Foibles? Did you say foibles? Oh, don't get me started on human foibles.
Here's a point however, the prenatal condition in mammals is a type of dependence, but it is not generally behavioral dependence. In non-placental mammals there is a behavior which occurs when the offspring travels to the pouch to complete developing, such as in panda bears and others. I imagine in zoology texts there is complete terminology for all of this process.
Dependence as a drive refers only to behavioral expressions of dependence.
I have used the acronym MARO for mutually assured reproductive opportunity, but this applies only to the general case of an entire population, not the special case of the individual. MARO of course, explains MAD, mutualy assured destruction, which "guided" our politics through the cold war, but maybe I won't go into detail now.
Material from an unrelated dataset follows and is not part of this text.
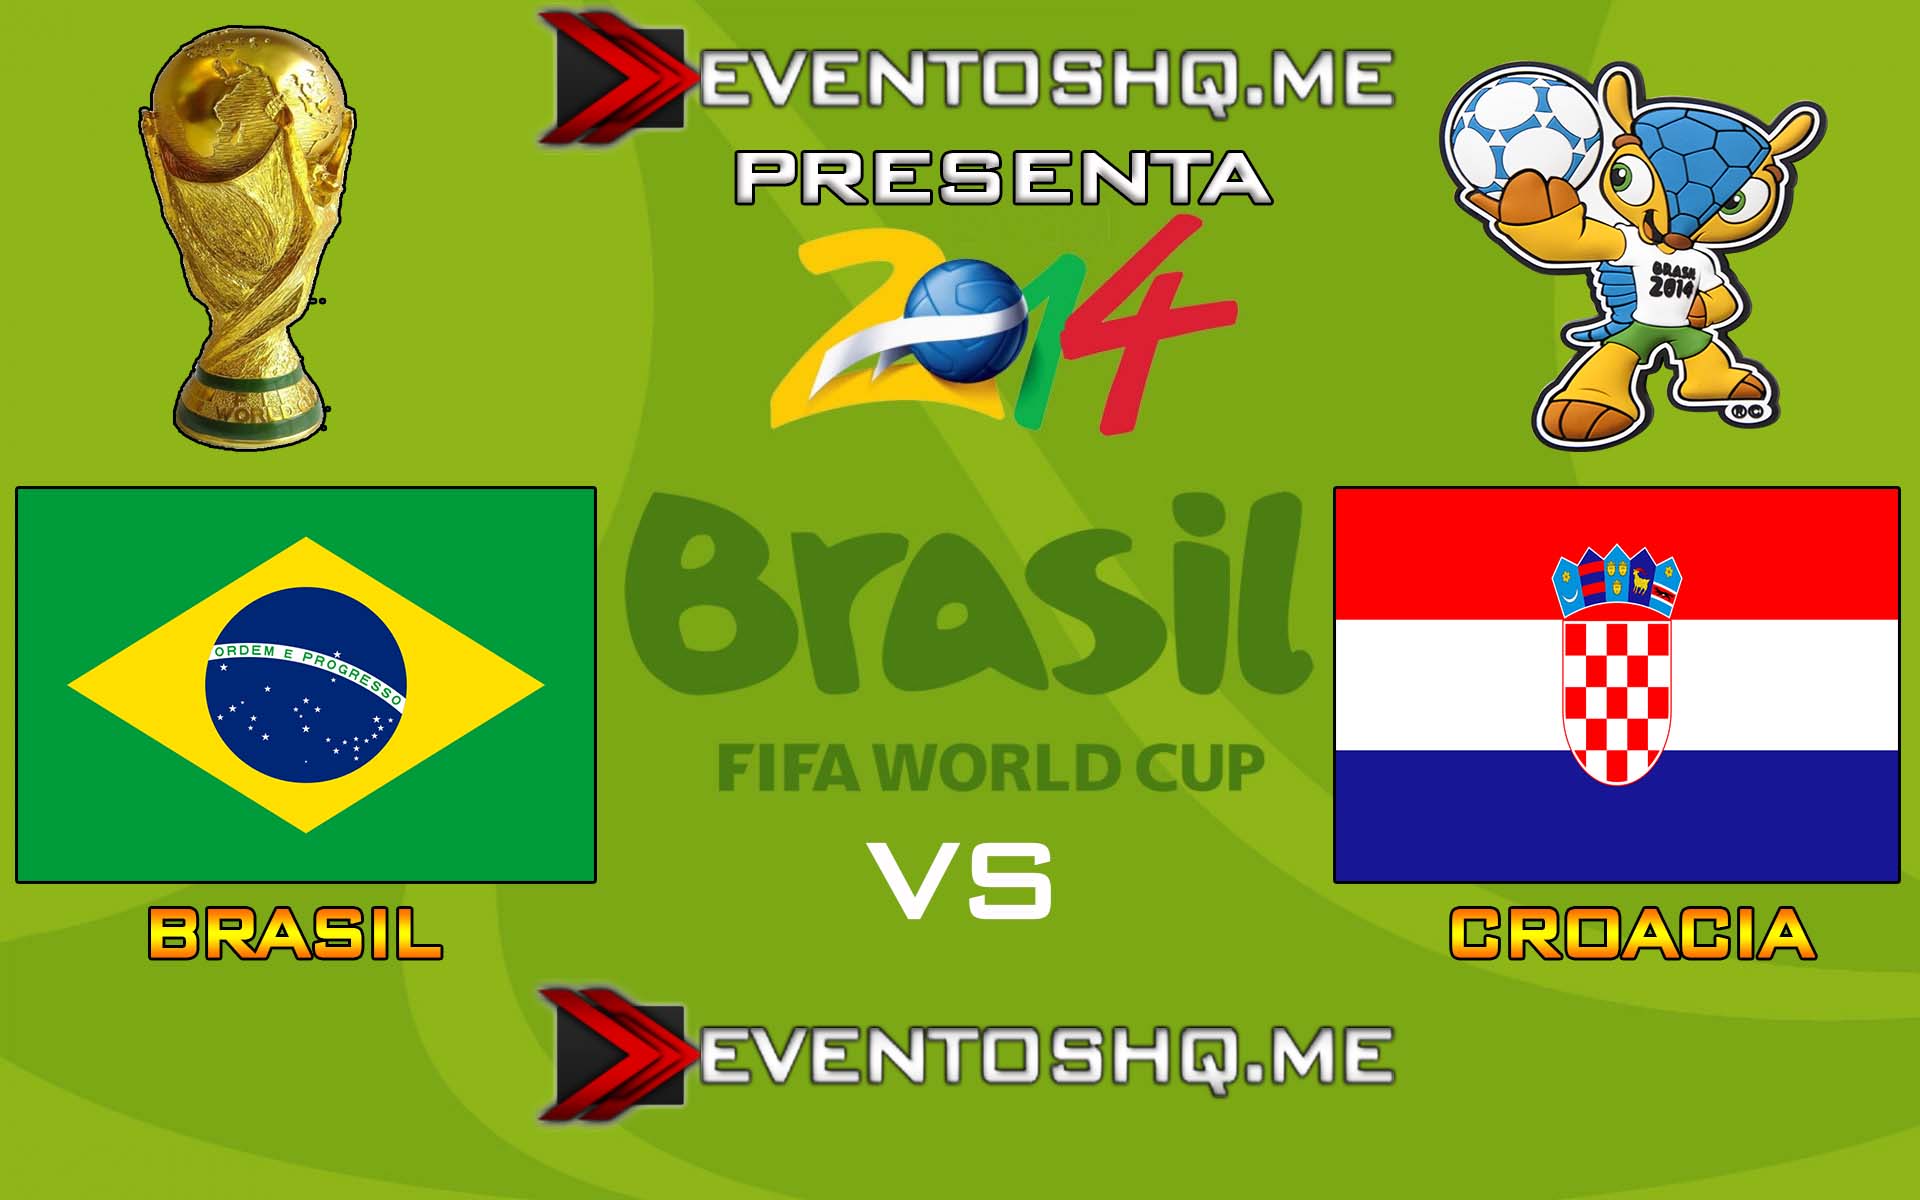 Ver en Vivo Brasil vs Croacia Mundial Brasil 2014 www.eventoshq.me
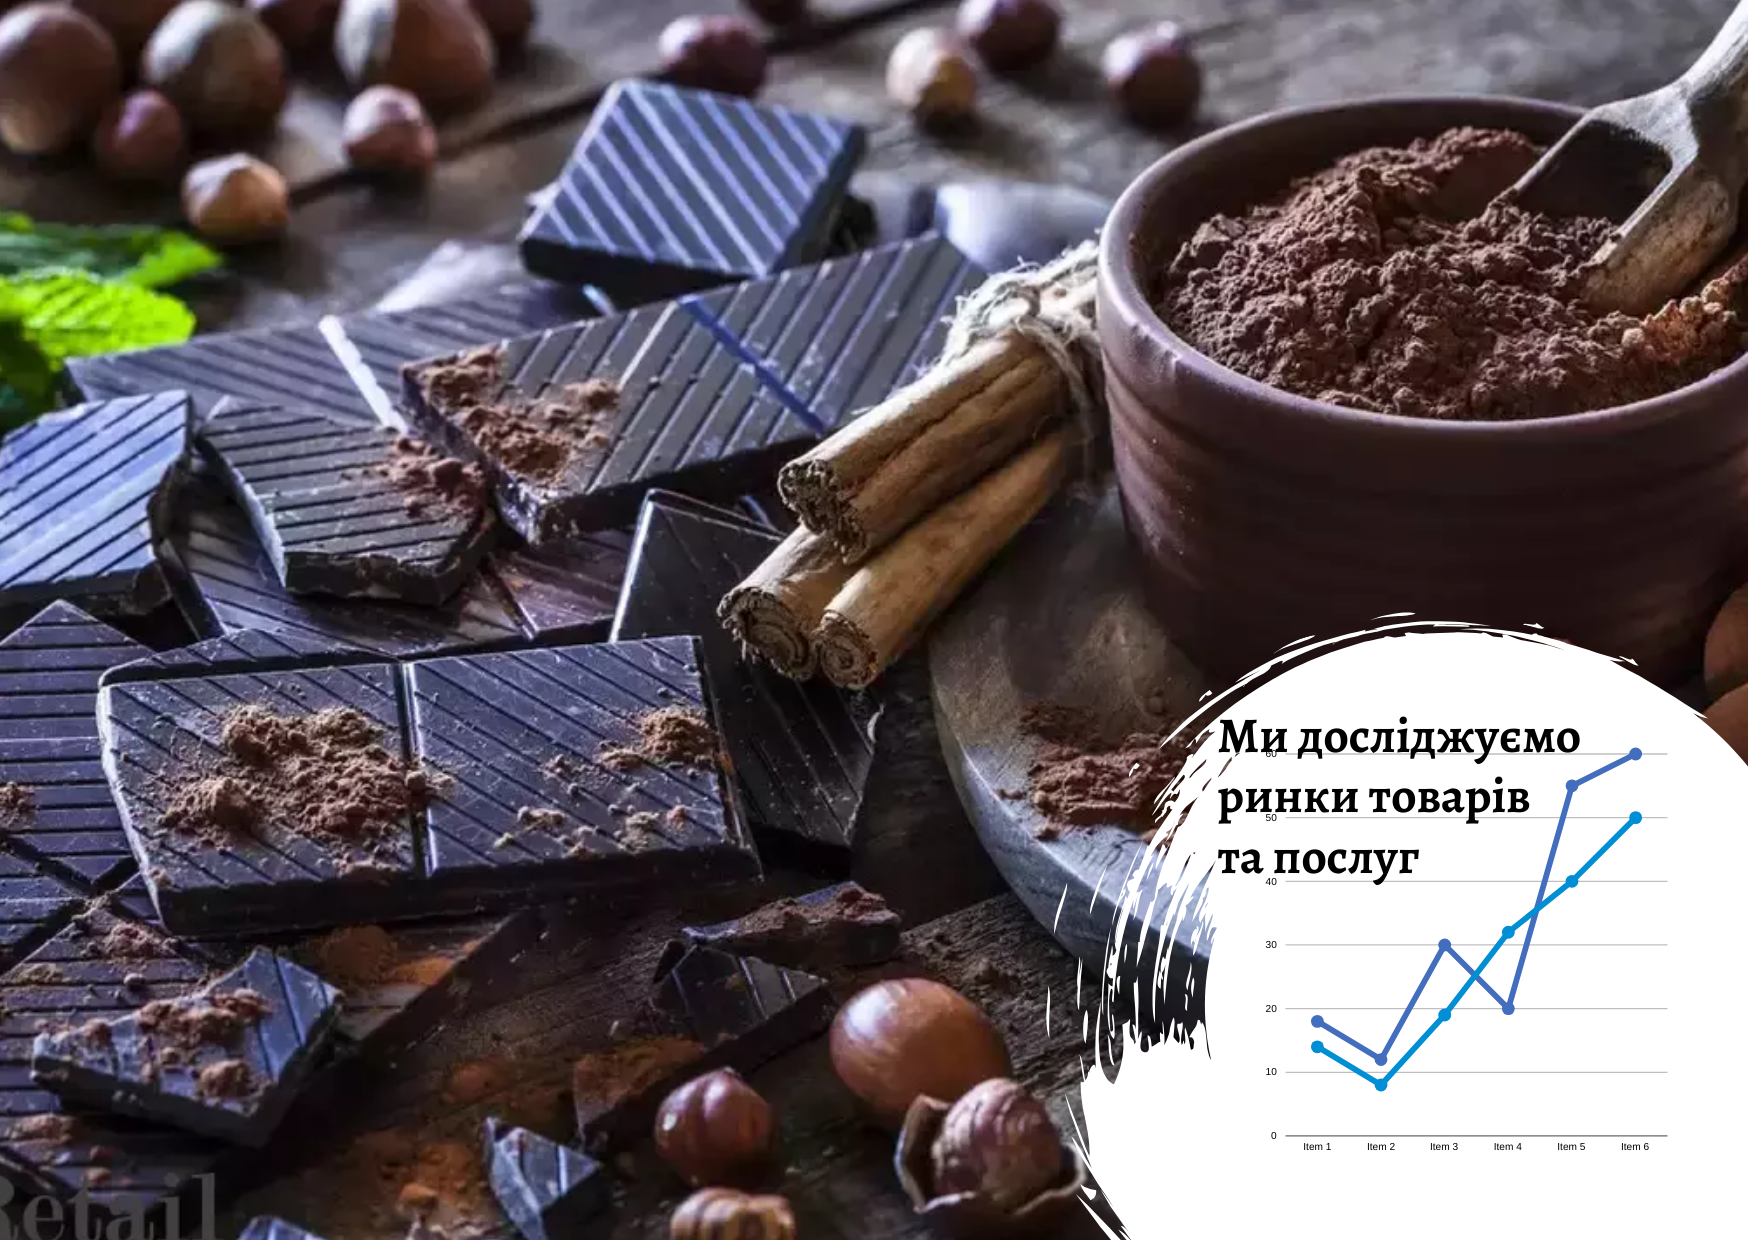 Ukrainian premium segment chocolate market: current trends

The point is, in general everyone gets opportunity. This regulates combative competition. The result is a high (relatively) reproductive rate in a species with a long post-natal maturation. Fifteen years is long.
What it means for the individual reminds me of a Sienfeld (sp?) joke- "We're men, we're everywhere, and if there's a woman there, we have a man working on it. It may not be our best man, but we have a guy working it."
Well, hang in there, as they say. But, don't be to critical and don't repeat the same mistakes to often.
Which reminds me; I walked in through the library's book sale and found an unread readers digestion copy of "The Celebrated Jumping Frog and Other Stories" for fifty cents. Haven't seen one in ages. "The Man that Corrupted Hadleyburg"? I think maybe next time I'll take a whizz at the creative corner or whatever they're calling it here.
Hmm, maybe I'll even try something brief today, I've still got a few minutes.